BEGIN THE RECORDS

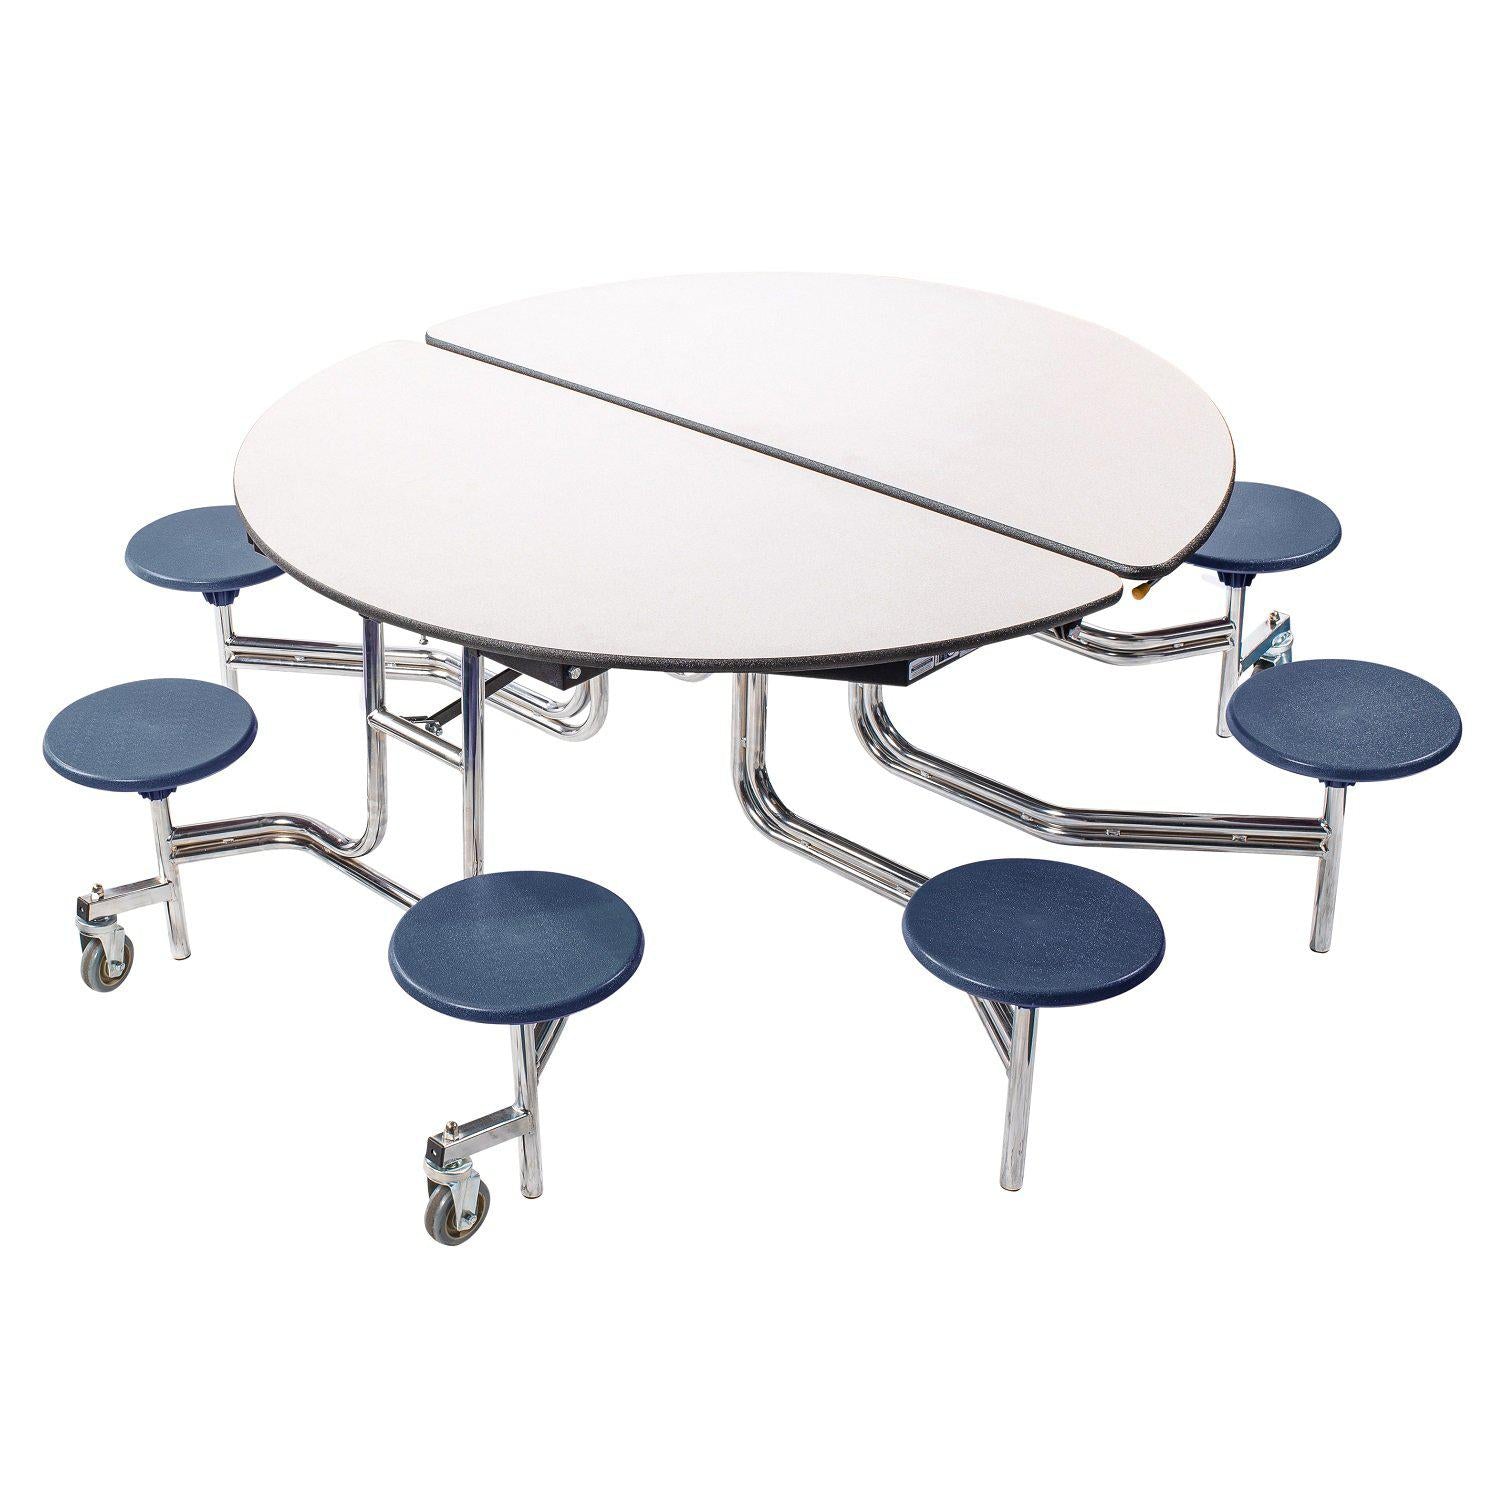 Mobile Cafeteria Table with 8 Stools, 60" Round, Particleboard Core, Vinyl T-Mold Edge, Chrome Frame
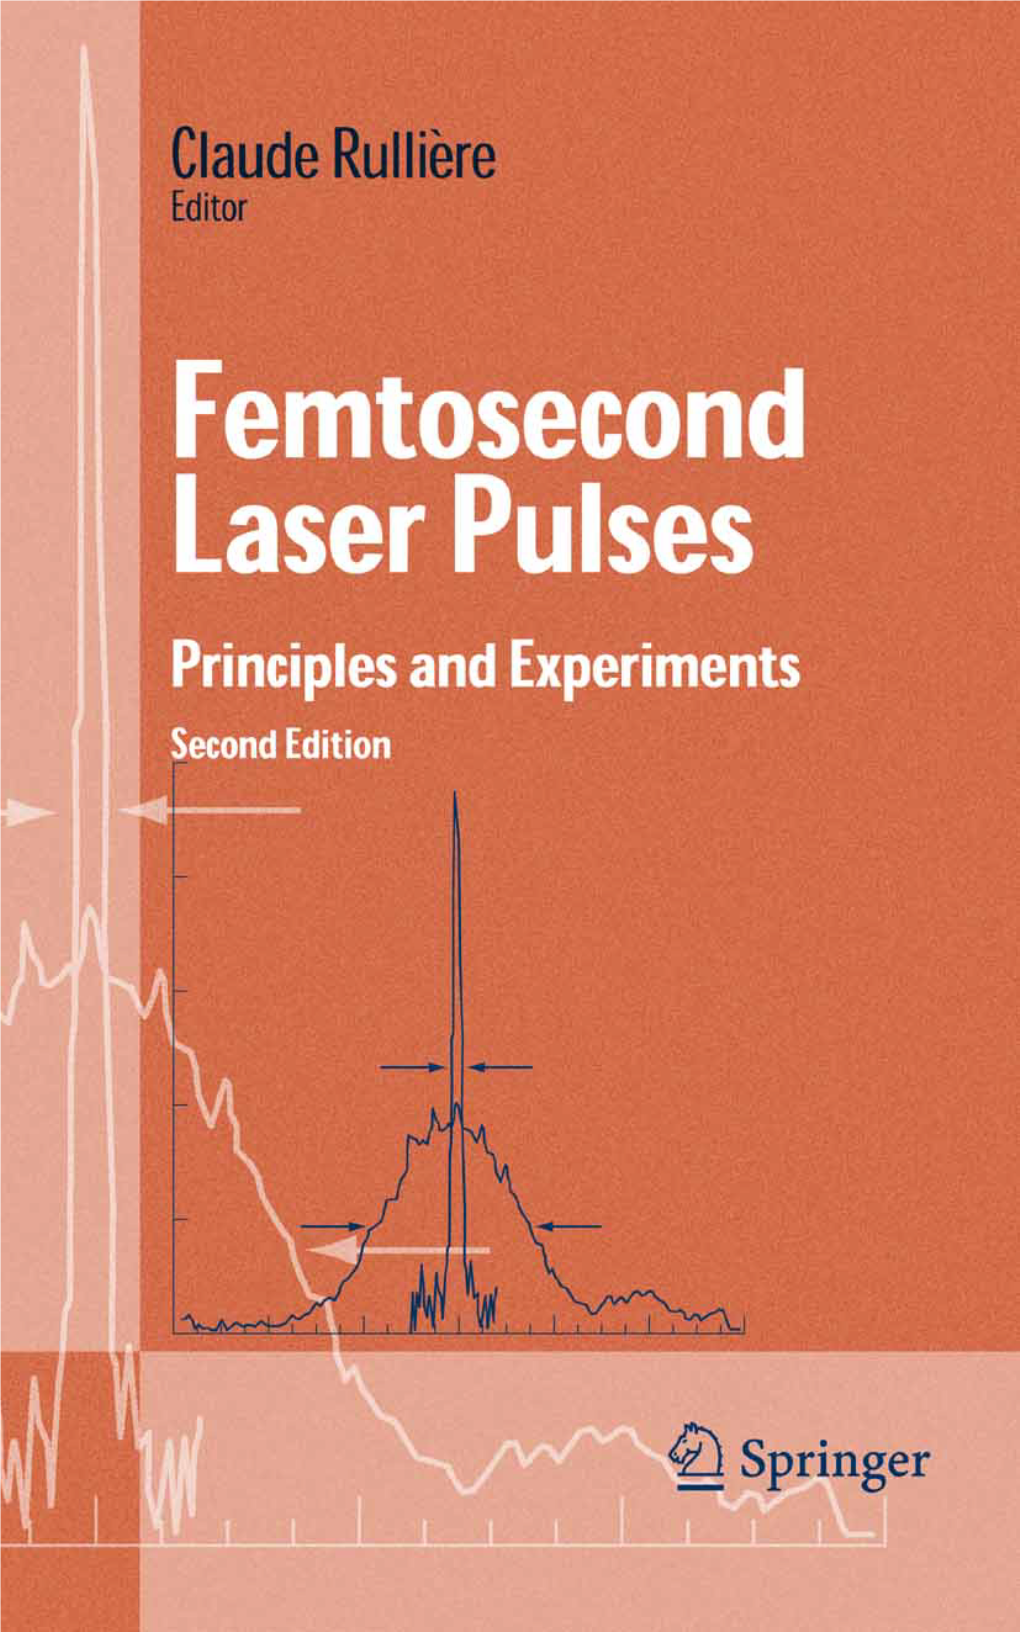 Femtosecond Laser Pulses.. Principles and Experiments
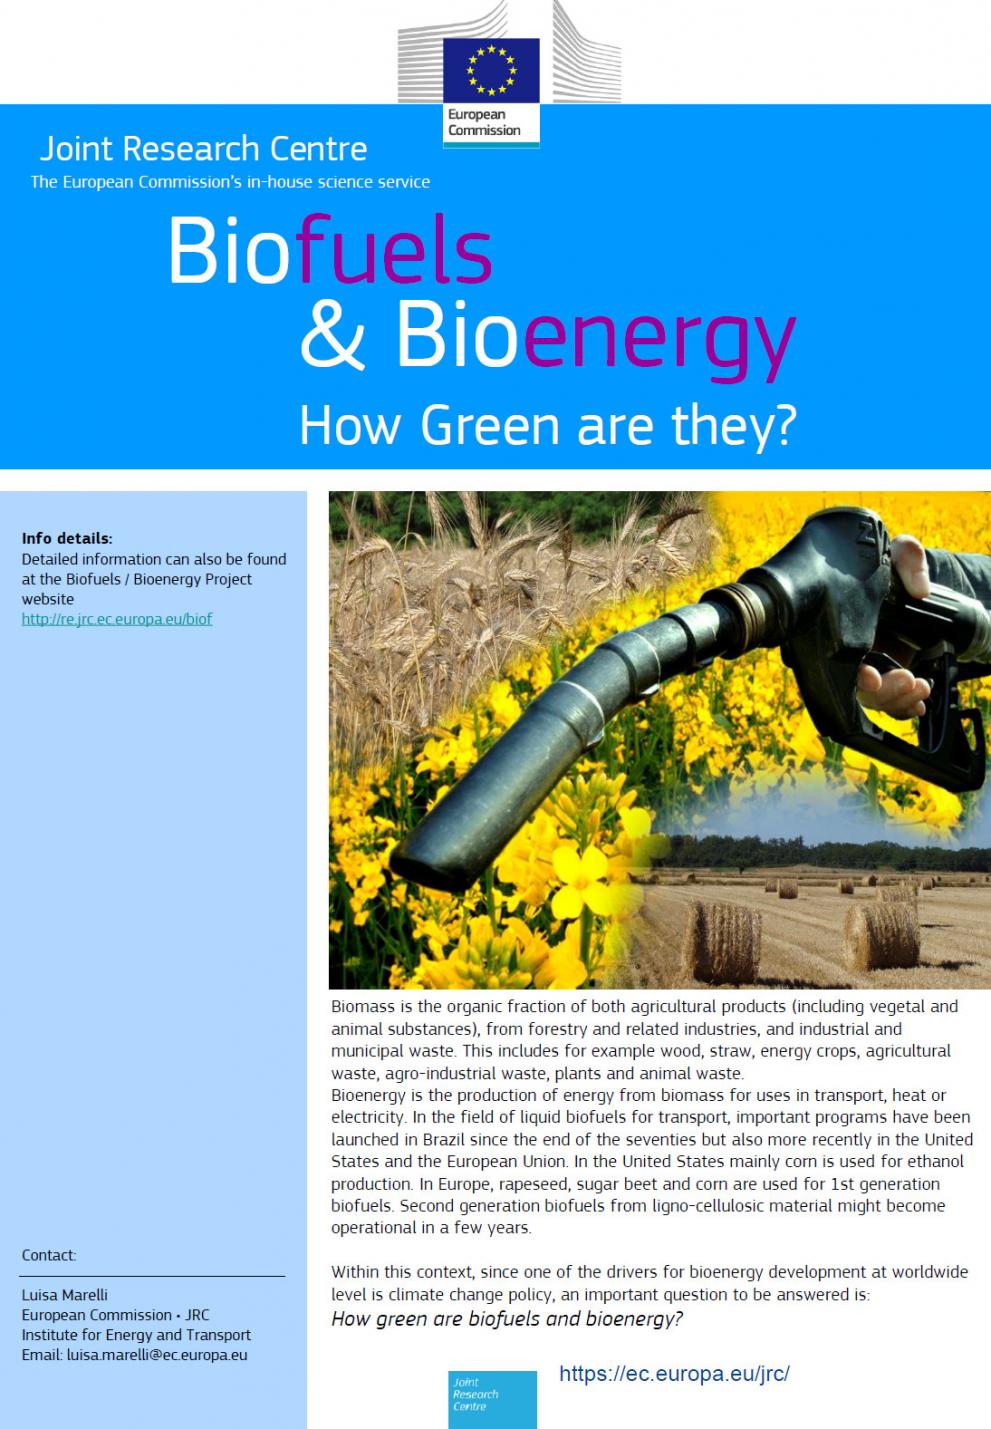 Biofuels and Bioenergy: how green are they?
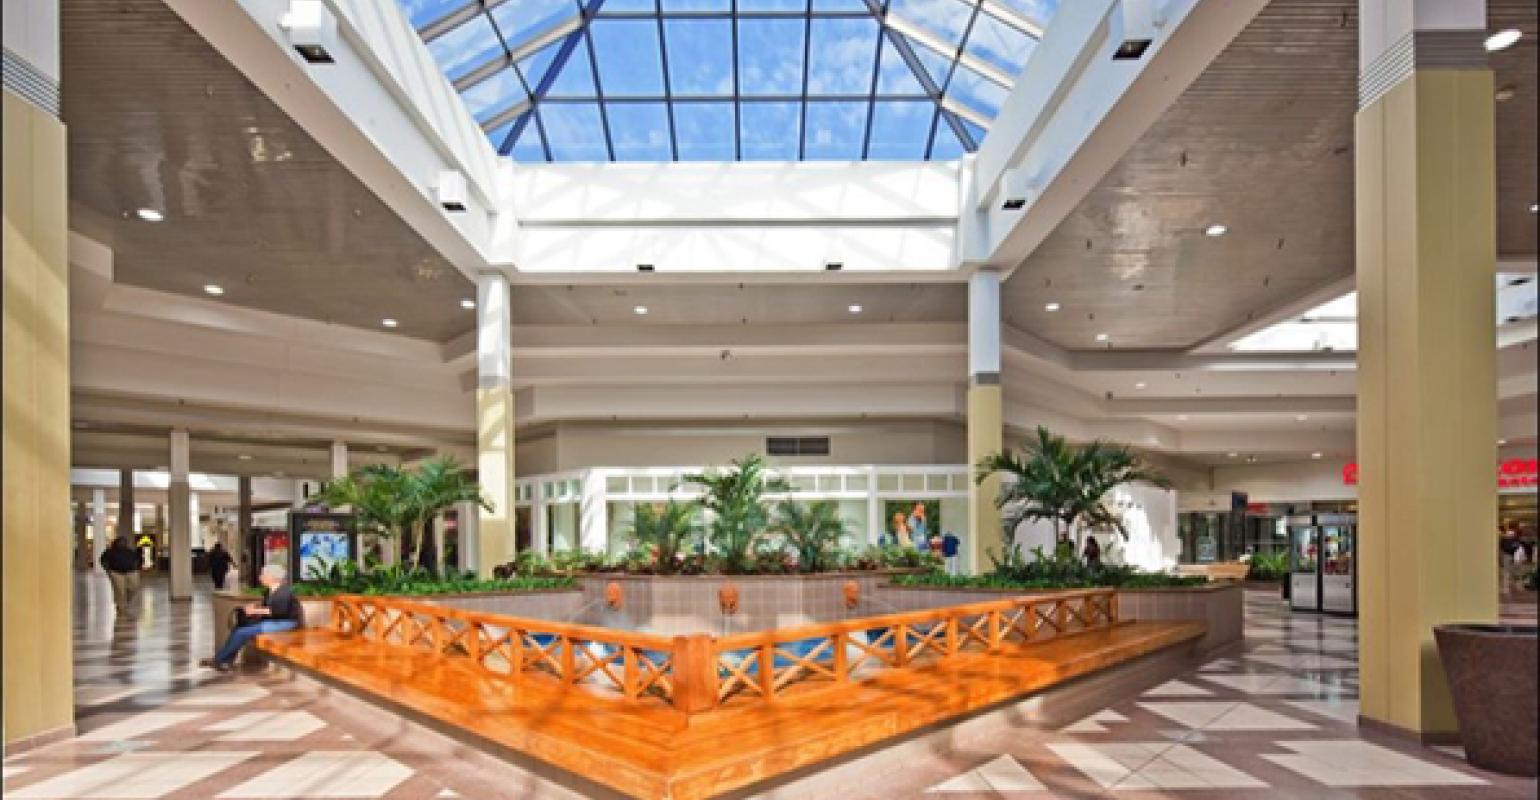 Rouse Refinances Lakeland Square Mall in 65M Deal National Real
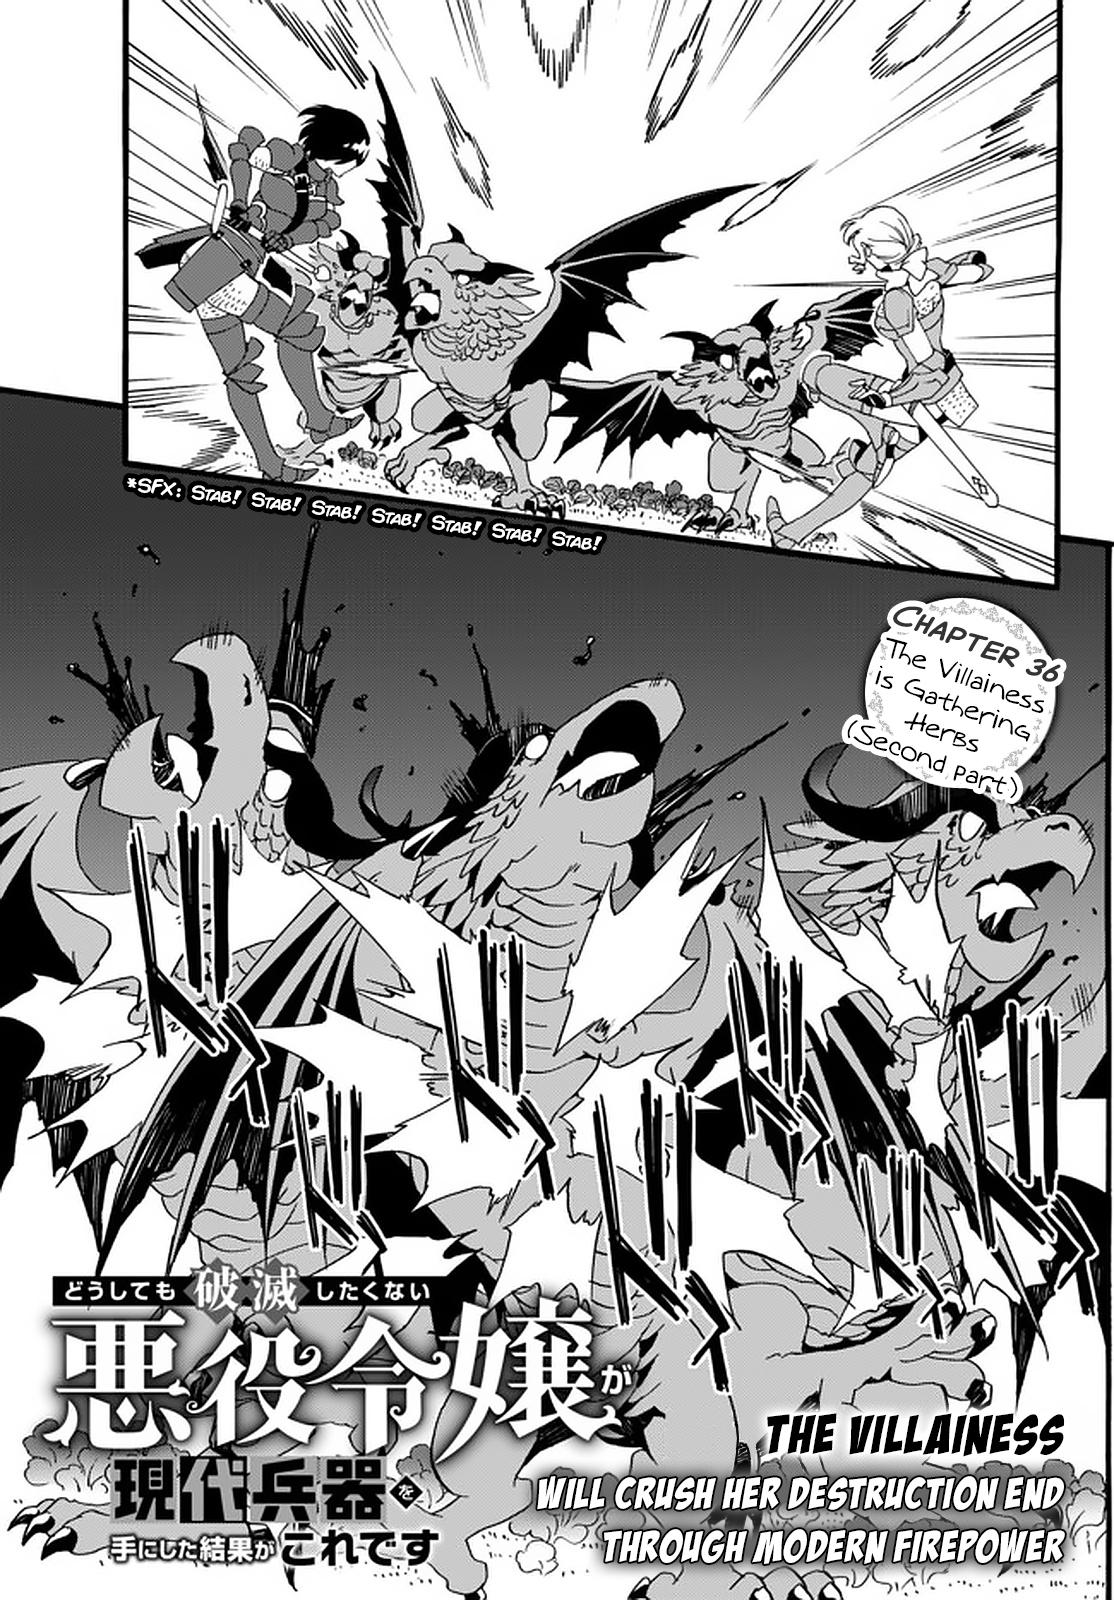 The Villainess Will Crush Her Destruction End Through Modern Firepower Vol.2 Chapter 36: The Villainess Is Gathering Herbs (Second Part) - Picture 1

END THE RECORDS

● TASK TO CARRY OUT: Pictures stay out; everything else in the records above gets copied exactly.

● SOLUTION TO THE EXERCISE:
 Mobile Cafeteria Table with 8 Stools, 60" Round, Particleboard Core, Vinyl T-Mold Edge, Chrome Frame
 Femtosecond Laser Pulses.. Principles and Experiments
 Biofuels and Bioenergy: how green are they?
 Rouse Refinances Lakeland Square Mall in 65M Deal National Real
 The Villainess Will Crush Her Destruction End Through Modern Firepower Vol.2 Chapter 36: The Villainess Is Gathering Herbs (Second Part) - Picture 1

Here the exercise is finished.